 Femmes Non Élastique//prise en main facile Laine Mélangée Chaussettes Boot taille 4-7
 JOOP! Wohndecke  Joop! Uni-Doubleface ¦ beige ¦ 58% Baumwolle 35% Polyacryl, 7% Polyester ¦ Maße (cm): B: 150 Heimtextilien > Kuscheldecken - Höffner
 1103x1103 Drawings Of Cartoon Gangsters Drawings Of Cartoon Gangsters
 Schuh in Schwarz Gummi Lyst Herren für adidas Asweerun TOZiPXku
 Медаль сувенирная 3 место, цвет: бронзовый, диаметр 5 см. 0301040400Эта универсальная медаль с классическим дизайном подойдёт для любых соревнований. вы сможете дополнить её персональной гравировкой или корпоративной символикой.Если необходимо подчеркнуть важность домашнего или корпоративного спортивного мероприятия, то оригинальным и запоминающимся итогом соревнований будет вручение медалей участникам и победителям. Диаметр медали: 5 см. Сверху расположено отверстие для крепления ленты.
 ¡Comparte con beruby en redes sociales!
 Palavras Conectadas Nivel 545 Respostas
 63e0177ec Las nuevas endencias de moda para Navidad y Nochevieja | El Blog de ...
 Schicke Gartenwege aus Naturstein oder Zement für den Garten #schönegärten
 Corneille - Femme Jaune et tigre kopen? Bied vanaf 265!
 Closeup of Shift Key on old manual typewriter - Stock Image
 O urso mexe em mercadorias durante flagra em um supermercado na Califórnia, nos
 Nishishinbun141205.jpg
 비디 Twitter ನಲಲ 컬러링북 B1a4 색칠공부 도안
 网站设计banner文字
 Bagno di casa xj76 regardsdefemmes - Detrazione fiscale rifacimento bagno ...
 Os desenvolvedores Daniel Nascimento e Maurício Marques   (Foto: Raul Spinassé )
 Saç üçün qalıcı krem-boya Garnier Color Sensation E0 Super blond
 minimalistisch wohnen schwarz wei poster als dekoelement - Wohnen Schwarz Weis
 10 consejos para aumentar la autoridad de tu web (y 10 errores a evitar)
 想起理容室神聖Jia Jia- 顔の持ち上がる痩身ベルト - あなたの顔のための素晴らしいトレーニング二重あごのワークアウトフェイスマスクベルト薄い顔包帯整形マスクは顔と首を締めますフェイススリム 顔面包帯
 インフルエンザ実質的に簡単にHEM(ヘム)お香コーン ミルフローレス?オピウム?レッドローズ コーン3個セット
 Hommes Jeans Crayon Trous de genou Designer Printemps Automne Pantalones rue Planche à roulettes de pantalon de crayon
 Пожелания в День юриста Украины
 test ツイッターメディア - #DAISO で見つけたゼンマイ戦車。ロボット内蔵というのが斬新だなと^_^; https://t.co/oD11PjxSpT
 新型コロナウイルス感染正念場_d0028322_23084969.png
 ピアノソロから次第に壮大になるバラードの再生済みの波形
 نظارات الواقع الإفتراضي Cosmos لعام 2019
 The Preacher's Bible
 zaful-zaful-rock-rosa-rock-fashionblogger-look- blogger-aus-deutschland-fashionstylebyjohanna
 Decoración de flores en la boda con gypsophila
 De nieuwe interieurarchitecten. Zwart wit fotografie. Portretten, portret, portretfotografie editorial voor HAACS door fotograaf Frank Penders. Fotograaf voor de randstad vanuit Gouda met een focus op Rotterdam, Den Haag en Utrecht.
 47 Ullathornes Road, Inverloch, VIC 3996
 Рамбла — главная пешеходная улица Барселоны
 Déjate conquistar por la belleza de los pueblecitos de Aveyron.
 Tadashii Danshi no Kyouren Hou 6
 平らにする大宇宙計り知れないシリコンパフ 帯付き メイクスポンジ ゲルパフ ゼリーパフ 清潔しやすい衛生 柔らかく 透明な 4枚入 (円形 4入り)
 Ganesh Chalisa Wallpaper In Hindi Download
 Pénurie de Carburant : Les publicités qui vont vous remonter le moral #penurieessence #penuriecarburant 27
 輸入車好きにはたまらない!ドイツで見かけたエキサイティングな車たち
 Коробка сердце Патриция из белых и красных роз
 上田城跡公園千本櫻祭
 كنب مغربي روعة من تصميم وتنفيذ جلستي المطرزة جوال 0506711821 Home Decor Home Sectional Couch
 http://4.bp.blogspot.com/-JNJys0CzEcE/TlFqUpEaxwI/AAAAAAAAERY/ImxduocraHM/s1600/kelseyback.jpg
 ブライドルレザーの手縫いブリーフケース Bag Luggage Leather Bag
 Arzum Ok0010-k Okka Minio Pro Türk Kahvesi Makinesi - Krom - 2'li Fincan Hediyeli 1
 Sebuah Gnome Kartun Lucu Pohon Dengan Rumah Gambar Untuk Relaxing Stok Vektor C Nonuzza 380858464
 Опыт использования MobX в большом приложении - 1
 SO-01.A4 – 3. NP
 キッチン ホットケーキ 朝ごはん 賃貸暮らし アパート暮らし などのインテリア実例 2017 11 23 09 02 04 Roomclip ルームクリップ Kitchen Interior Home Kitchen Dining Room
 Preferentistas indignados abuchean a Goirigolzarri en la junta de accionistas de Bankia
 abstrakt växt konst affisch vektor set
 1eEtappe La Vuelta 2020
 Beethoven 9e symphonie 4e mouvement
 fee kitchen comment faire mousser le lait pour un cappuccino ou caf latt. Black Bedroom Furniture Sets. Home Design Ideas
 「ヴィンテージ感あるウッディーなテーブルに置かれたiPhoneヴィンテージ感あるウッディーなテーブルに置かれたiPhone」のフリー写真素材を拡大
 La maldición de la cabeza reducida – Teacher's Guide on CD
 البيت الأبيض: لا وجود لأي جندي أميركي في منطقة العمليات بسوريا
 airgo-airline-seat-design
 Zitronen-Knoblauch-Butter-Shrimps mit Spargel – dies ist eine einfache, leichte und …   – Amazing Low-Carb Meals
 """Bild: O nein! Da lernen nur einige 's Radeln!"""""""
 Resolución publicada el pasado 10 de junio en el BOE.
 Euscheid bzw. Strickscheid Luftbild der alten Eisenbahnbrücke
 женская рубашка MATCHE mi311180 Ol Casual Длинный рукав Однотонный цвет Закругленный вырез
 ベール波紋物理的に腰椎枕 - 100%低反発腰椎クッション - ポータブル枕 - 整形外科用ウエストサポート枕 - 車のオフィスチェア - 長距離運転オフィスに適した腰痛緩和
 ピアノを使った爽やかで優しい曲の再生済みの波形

- _REQUIREMENT_:
Print the full listing, word for word.

- _COMPLETED TASK_:
 Femmes Non Élastique//prise en main facile Laine Mélangée Chaussettes Boot taille 4-7
 JOOP! Wohndecke  Joop! Uni-Doubleface ¦ beige ¦ 58% Baumwolle 35% Polyacryl, 7% Polyester ¦ Maße (cm): B: 150 Heimtextilien > Kuscheldecken - Höffner
 1103x1103 Drawings Of Cartoon Gangsters Drawings Of Cartoon Gangsters
 Schuh in Schwarz Gummi Lyst Herren für adidas Asweerun TOZiPXku
 Медаль сувенирная 3 место, цвет: бронзовый, диаметр 5 см. 0301040400Эта универсальная медаль с классическим дизайном подойдёт для любых соревнований. вы сможете дополнить её персональной гравировкой или корпоративной символикой.Если необходимо подчеркнуть важность домашнего или корпоративного спортивного мероприятия, то оригинальным и запоминающимся итогом соревнований будет вручение медалей участникам и победителям. Диаметр медали: 5 см. Сверху расположено отверстие для крепления ленты.
 ¡Comparte con beruby en redes sociales!
 Palavras Conectadas Nivel 545 Respostas
 63e0177ec Las nuevas endencias de moda para Navidad y Nochevieja | El Blog de ...
 Schicke Gartenwege aus Naturstein oder Zement für den Garten #schönegärten
 Corneille - Femme Jaune et tigre kopen? Bied vanaf 265!
 Closeup of Shift Key on old manual typewriter - Stock Image
 O urso mexe em mercadorias durante flagra em um supermercado na Califórnia, nos
 Nishishinbun141205.jpg
 비디 Twitter ನಲಲ 컬러링북 B1a4 색칠공부 도안
 网站设计banner文字
 Bagno di casa xj76 regardsdefemmes - Detrazione fiscale rifacimento bagno ...
 Os desenvolvedores Daniel Nascimento e Maurício Marques   (Foto: Raul Spinassé )
 Saç üçün qalıcı krem-boya Garnier Color Sensation E0 Super blond
 minimalistisch wohnen schwarz wei poster als dekoelement - Wohnen Schwarz Weis
 10 consejos para aumentar la autoridad de tu web (y 10 errores a evitar)
 想起理容室神聖Jia Jia- 顔の持ち上がる痩身ベルト - あなたの顔のための素晴らしいトレーニング二重あごのワークアウトフェイスマスクベルト薄い顔包帯整形マスクは顔と首を締めますフェイススリム 顔面包帯
 インフルエンザ実質的に簡単にHEM(ヘム)お香コーン ミルフローレス?オピウム?レッドローズ コーン3個セット
 Hommes Jeans Crayon Trous de genou Designer Printemps Automne Pantalones rue Planche à roulettes de pantalon de crayon
 Пожелания в День юриста Украины
 test ツイッターメディア - #DAISO で見つけたゼンマイ戦車。ロボット内蔵というのが斬新だなと^_^; https://t.co/oD11PjxSpT
 新型コロナウイルス感染正念場_d0028322_23084969.png
 ピアノソロから次第に壮大になるバラードの再生済みの波形
 نظارات الواقع الإفتراضي Cosmos لعام 2019
 The Preacher's Bible
 zaful-zaful-rock-rosa-rock-fashionblogger-look- blogger-aus-deutschland-fashionstylebyjohanna
 Decoración de flores en la boda con gypsophila
 De nieuwe interieurarchitecten. Zwart wit fotografie. Portretten, portret, portretfotografie editorial voor HAACS door fotograaf Frank Penders. Fotograaf voor de randstad vanuit Gouda met een focus op Rotterdam, Den Haag en Utrecht.
 47 Ullathornes Road, Inverloch, VIC 3996
 Рамбла — главная пешеходная улица Барселоны
 Déjate conquistar por la belleza de los pueblecitos de Aveyron.
 Tadashii Danshi no Kyouren Hou 6
 平らにする大宇宙計り知れないシリコンパフ 帯付き メイクスポンジ ゲルパフ ゼリーパフ 清潔しやすい衛生 柔らかく 透明な 4枚入 (円形 4入り)
 Ganesh Chalisa Wallpaper In Hindi Download
 Pénurie de Carburant : Les publicités qui vont vous remonter le moral #penurieessence #penuriecarburant 27
 輸入車好きにはたまらない!ドイツで見かけたエキサイティングな車たち
 Коробка сердце Патриция из белых и красных роз
 上田城跡公園千本櫻祭
 كنب مغربي روعة من تصميم وتنفيذ جلستي المطرزة جوال 0506711821 Home Decor Home Sectional Couch
 http://4.bp.blogspot.com/-JNJys0CzEcE/TlFqUpEaxwI/AAAAAAAAERY/ImxduocraHM/s1600/kelseyback.jpg
 ブライドルレザーの手縫いブリーフケース Bag Luggage Leather Bag
 Arzum Ok0010-k Okka Minio Pro Türk Kahvesi Makinesi - Krom - 2'li Fincan Hediyeli 1
 Sebuah Gnome Kartun Lucu Pohon Dengan Rumah Gambar Untuk Relaxing Stok Vektor C Nonuzza 380858464
 Опыт использования MobX в большом приложении - 1
 SO-01.A4 – 3. NP
 キッチン ホットケーキ 朝ごはん 賃貸暮らし アパート暮らし などのインテリア実例 2017 11 23 09 02 04 Roomclip ルームクリップ Kitchen Interior Home Kitchen Dining Room
 Preferentistas indignados abuchean a Goirigolzarri en la junta de accionistas de Bankia
 abstrakt växt konst affisch vektor set
 1eEtappe La Vuelta 2020
 Beethoven 9e symphonie 4e mouvement
 fee kitchen comment faire mousser le lait pour un cappuccino ou caf latt. Black Bedroom Furniture Sets. Home Design Ideas
 「ヴィンテージ感あるウッディーなテーブルに置かれたiPhoneヴィンテージ感あるウッディーなテーブルに置かれたiPhone」のフリー写真素材を拡大
 La maldición de la cabeza reducida – Teacher's Guide on CD
 البيت الأبيض: لا وجود لأي جندي أميركي في منطقة العمليات بسوريا
 airgo-airline-seat-design
 Zitronen-Knoblauch-Butter-Shrimps mit Spargel – dies ist eine einfache, leichte und …   – Amazing Low-Carb Meals
 """Bild: O nein! Da lernen nur einige 's Radeln!"""""""
 Resolución publicada el pasado 10 de junio en el BOE.
 Euscheid bzw. Strickscheid Luftbild der alten Eisenbahnbrücke
 женская рубашка MATCHE mi311180 Ol Casual Длинный рукав Однотонный цвет Закругленный вырез
 ベール波紋物理的に腰椎枕 - 100%低反発腰椎クッション - ポータブル枕 - 整形外科用ウエストサポート枕 - 車のオフィスチェア - 長距離運転オフィスに適した腰痛緩和
 ピアノを使った爽やかで優しい曲の再生済みの波形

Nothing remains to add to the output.